Work instruction: The listing below is to be duplicated exactly, with every picture omitted.

Data block:
================
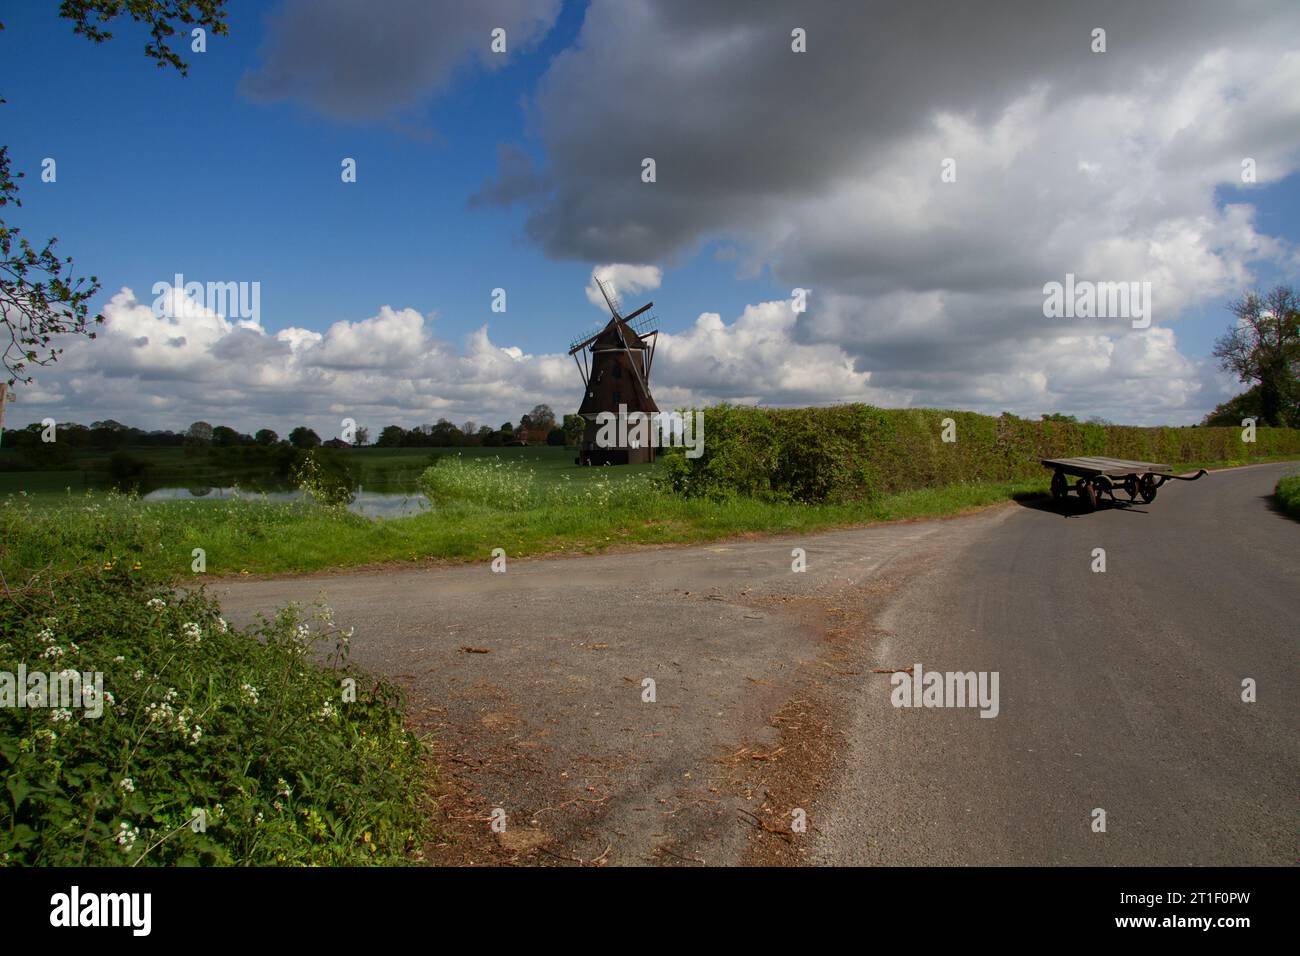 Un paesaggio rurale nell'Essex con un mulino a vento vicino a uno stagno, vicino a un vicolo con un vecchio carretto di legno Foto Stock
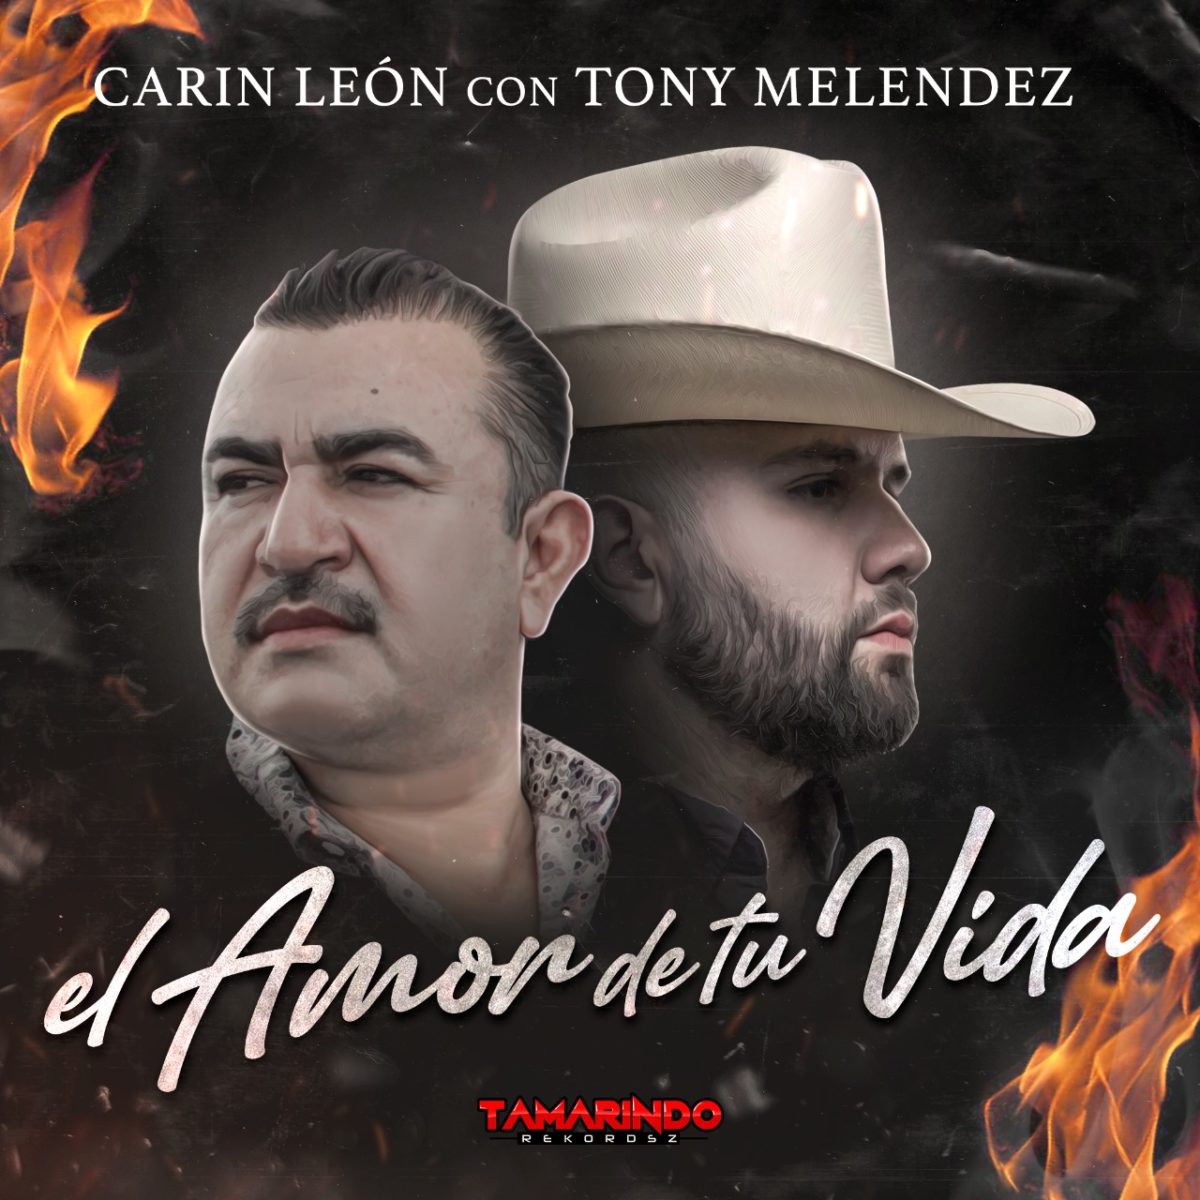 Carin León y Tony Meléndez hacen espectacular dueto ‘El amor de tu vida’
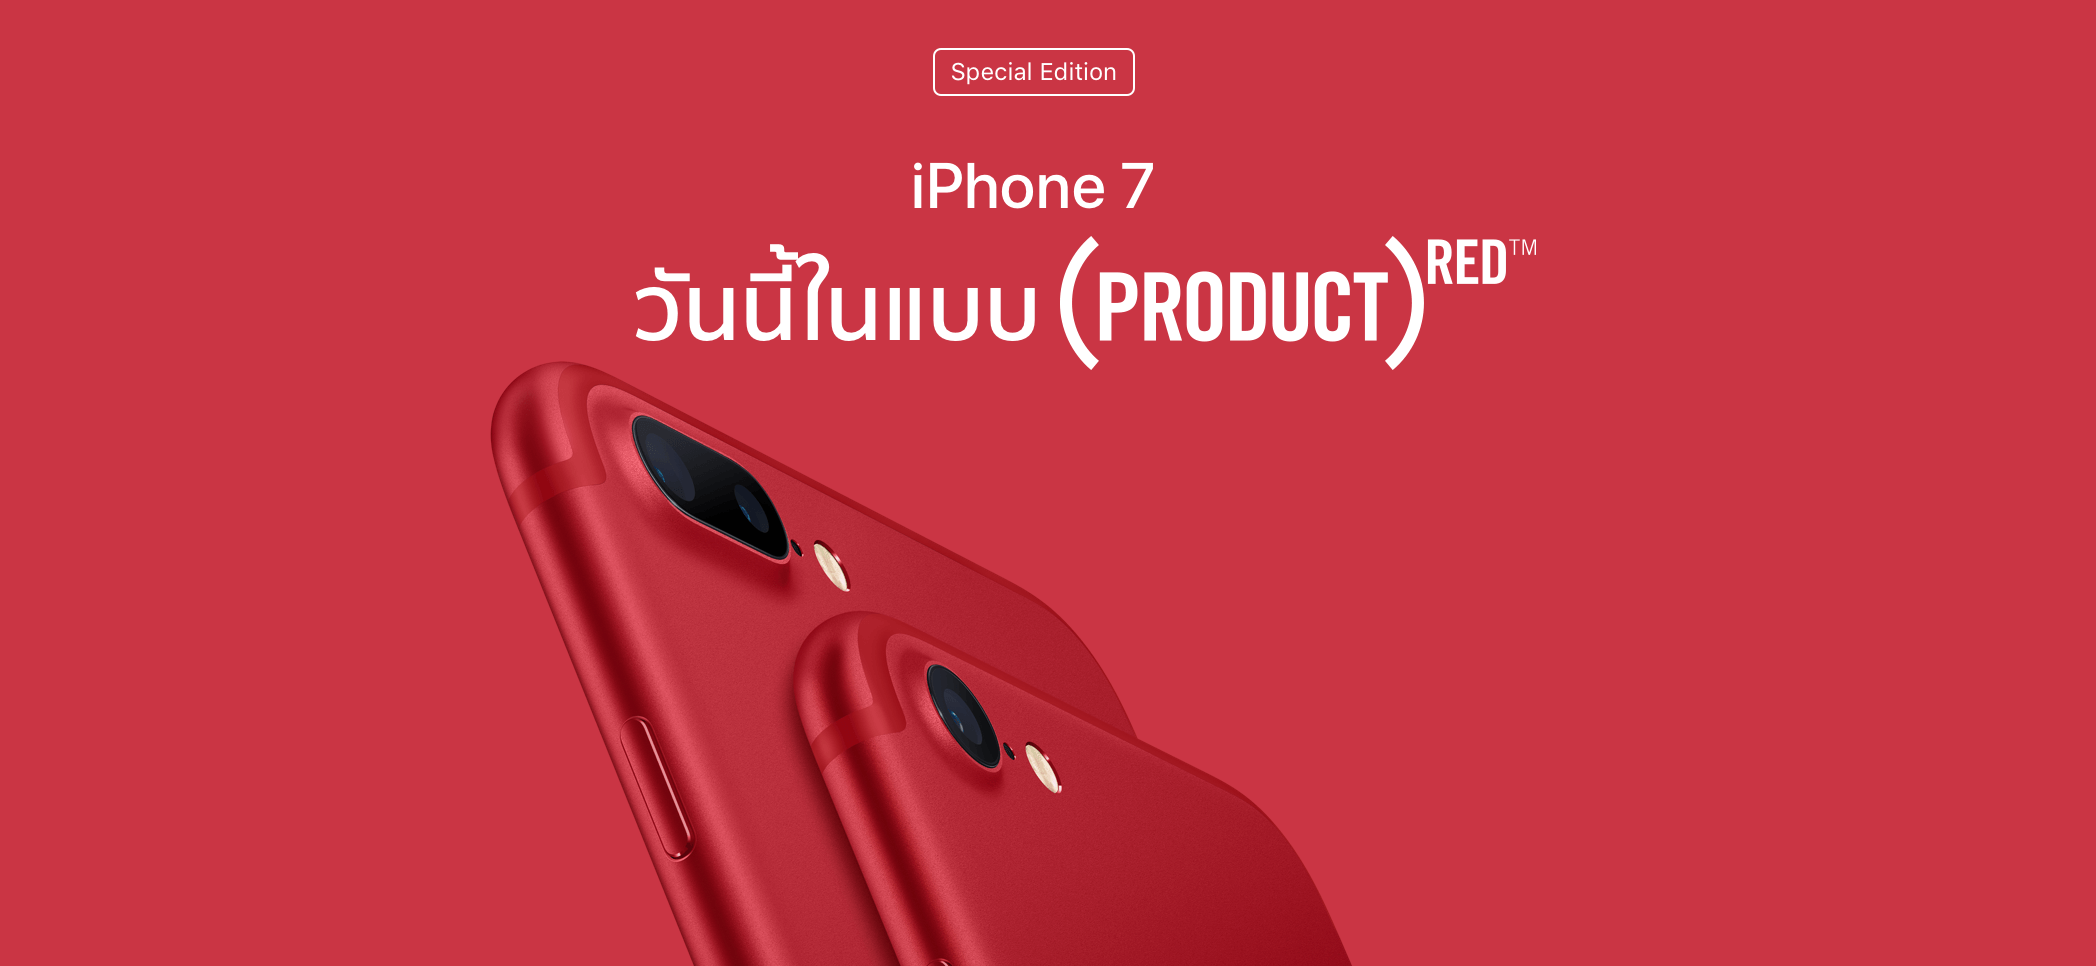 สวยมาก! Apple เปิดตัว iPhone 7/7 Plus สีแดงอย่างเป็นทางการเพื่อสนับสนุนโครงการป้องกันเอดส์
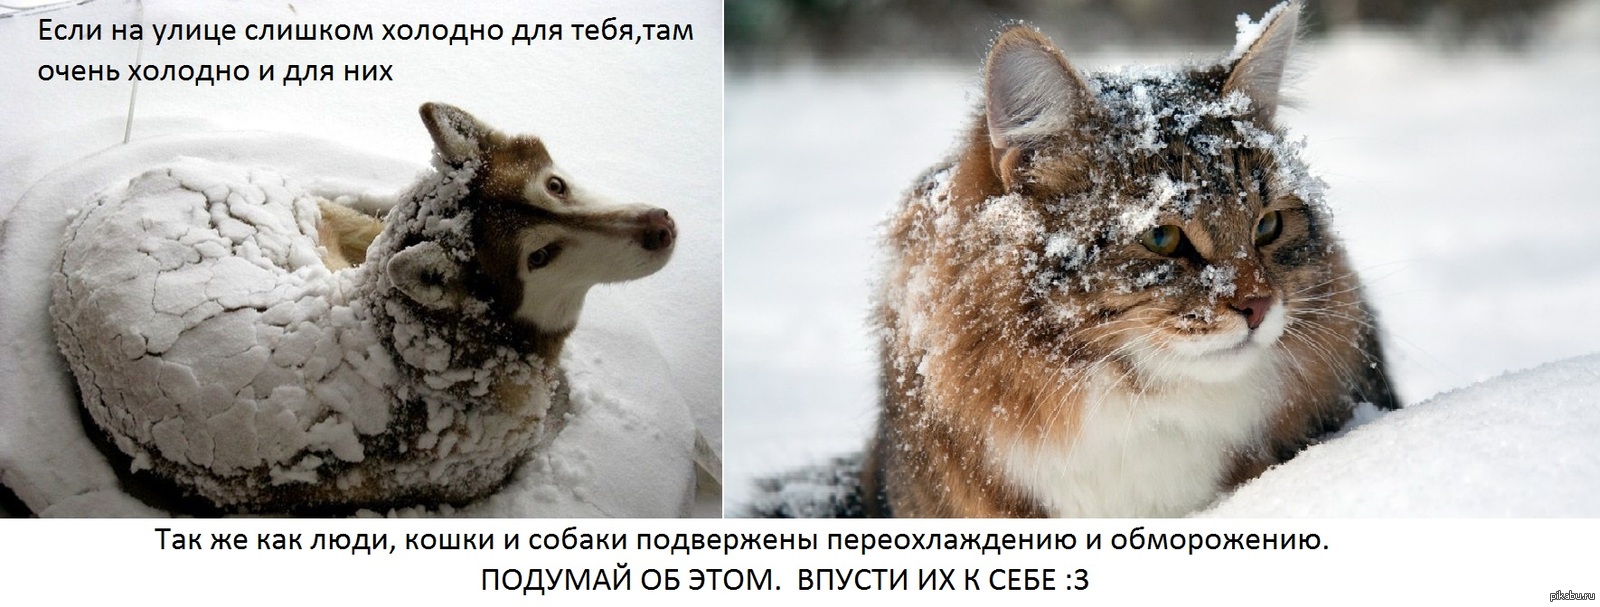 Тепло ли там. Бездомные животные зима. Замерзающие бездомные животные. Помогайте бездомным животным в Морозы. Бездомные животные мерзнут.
================
Written solution:
 Un paesaggio rurale nell'Essex con un mulino a vento vicino a uno stagno, vicino a un vicolo con un vecchio carretto di legno Foto Stock
 Carin León y Tony Meléndez hacen espectacular dueto ‘El amor de tu vida’
 สวยมาก! Apple เปิดตัว iPhone 7/7 Plus สีแดงอย่างเป็นทางการเพื่อสนับสนุนโครงการป้องกันเอดส์
 Тепло ли там. Бездомные животные зима. Замерзающие бездомные животные. Помогайте бездомным животным в Морозы. Бездомные животные мерзнут.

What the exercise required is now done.